- ABOUT THIS TASK
With the line containing "996x1326 Fresh Coloring" as the start and the line containing "White mermaid wedding" as the end, transcribe that span of the entries below exactly, including both.
*** DATA UNDER STUDY ***
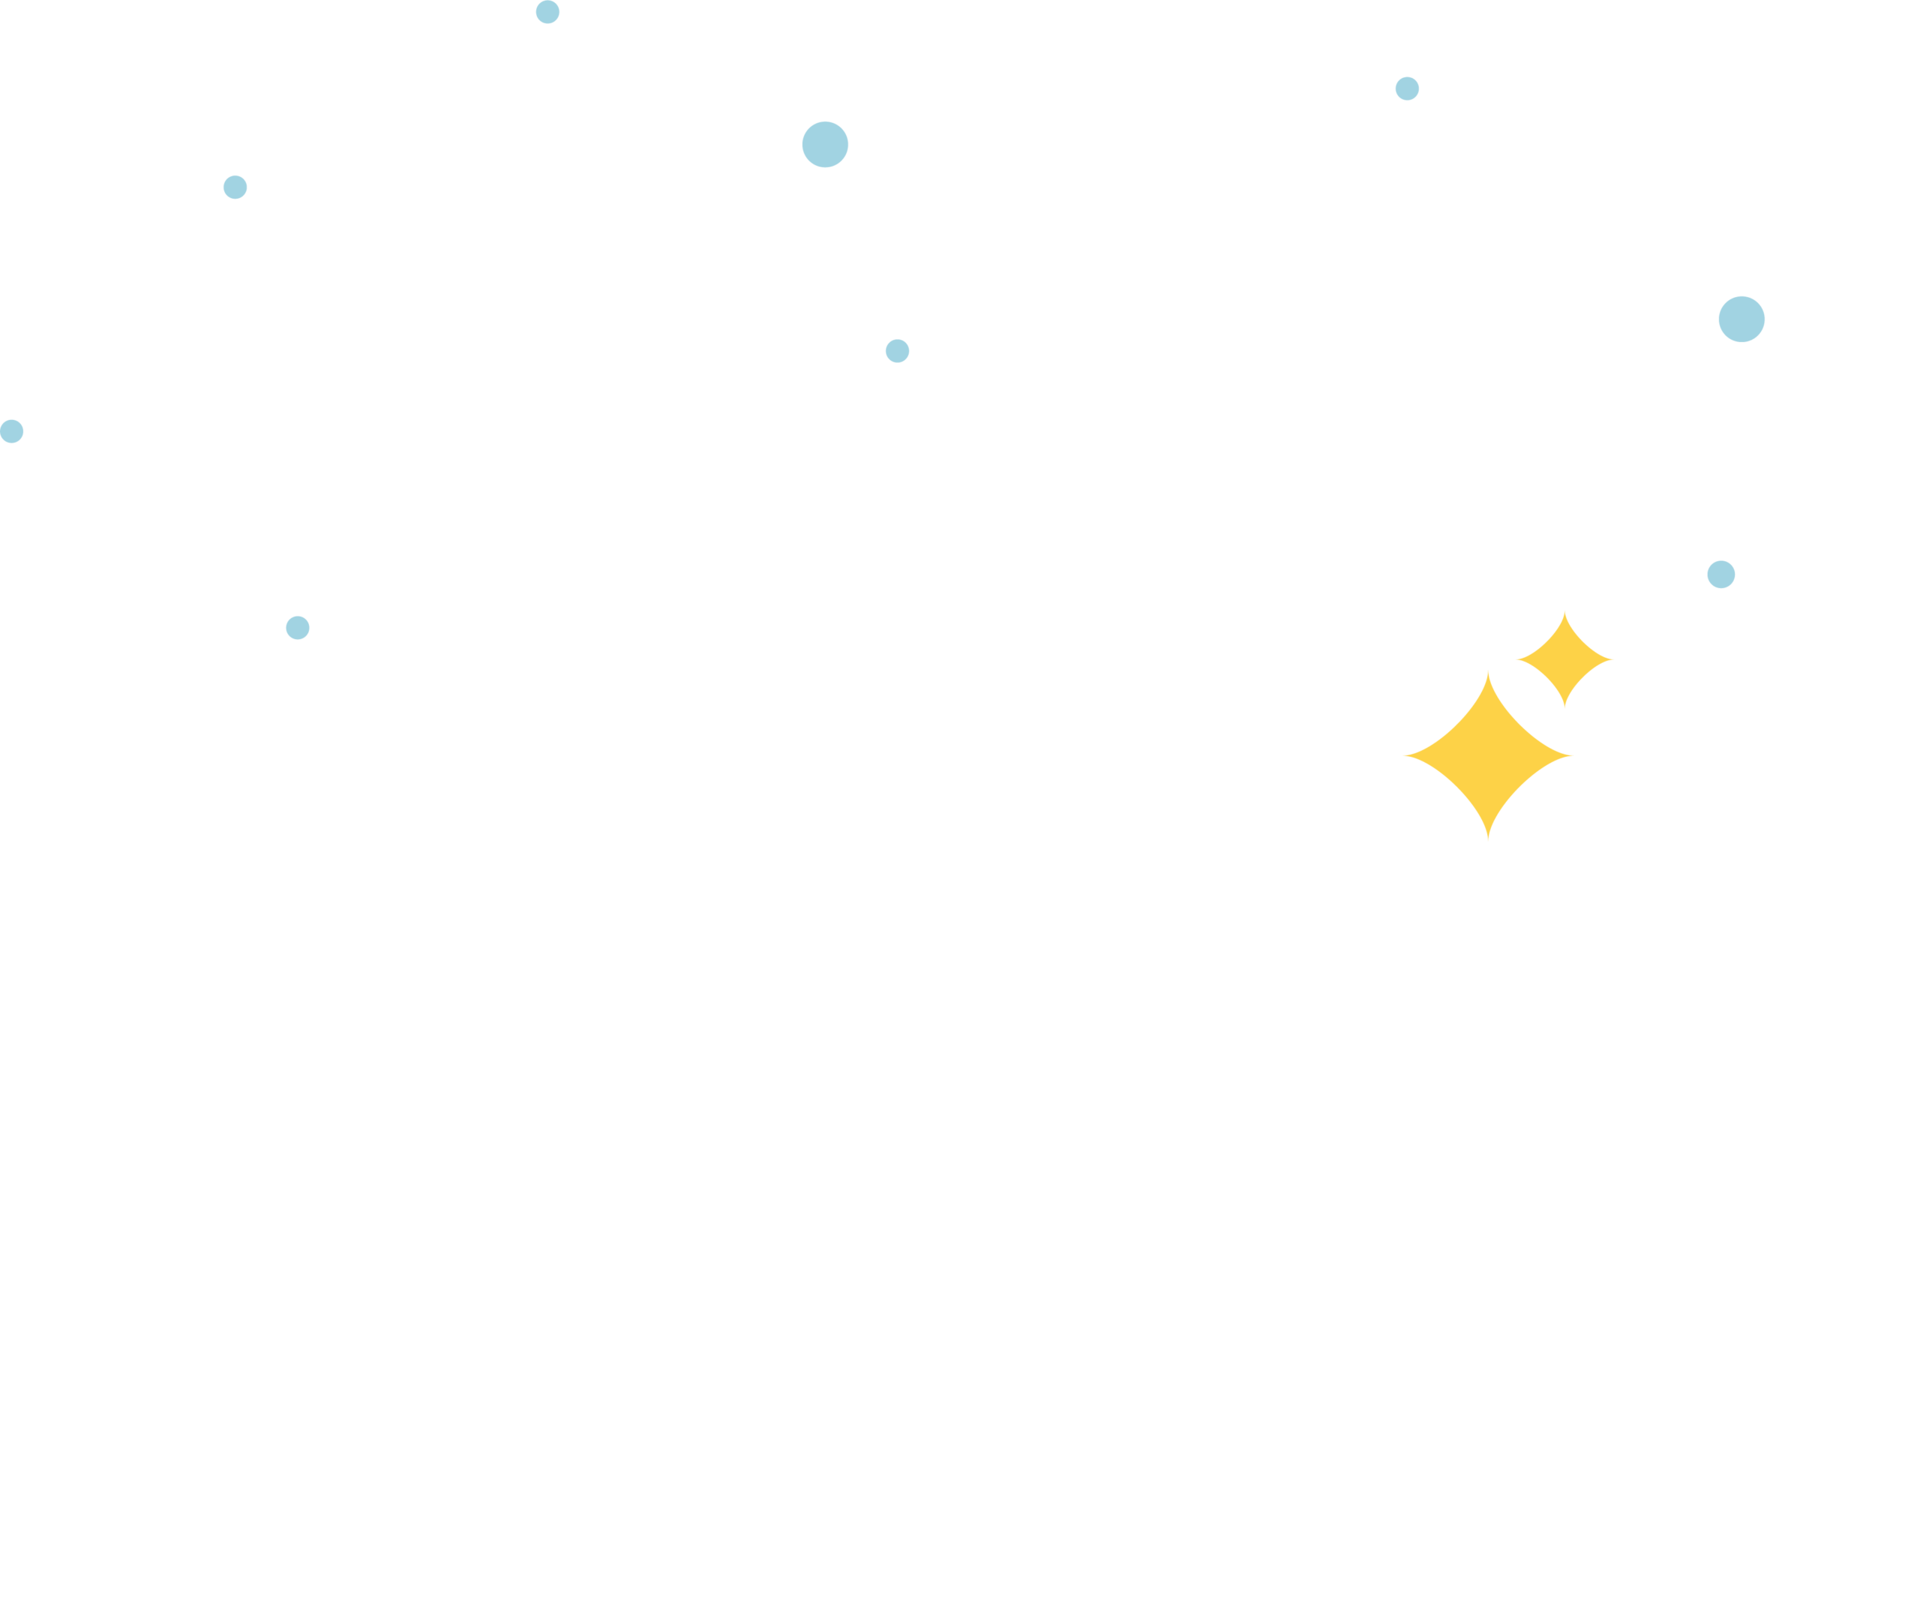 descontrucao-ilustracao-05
*** End of DATA UNDER STUDY ***
*** DATA UNDER STUDY ***
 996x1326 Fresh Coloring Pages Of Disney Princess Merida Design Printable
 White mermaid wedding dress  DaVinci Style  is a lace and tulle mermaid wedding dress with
*** End of DATA UNDER STUDY ***
- RESULT FOR THIS EXERCISE
 996x1326 Fresh Coloring Pages Of Disney Princess Merida Design Printable
 White mermaid wedding dress  DaVinci Style  is a lace and tulle mermaid wedding dress with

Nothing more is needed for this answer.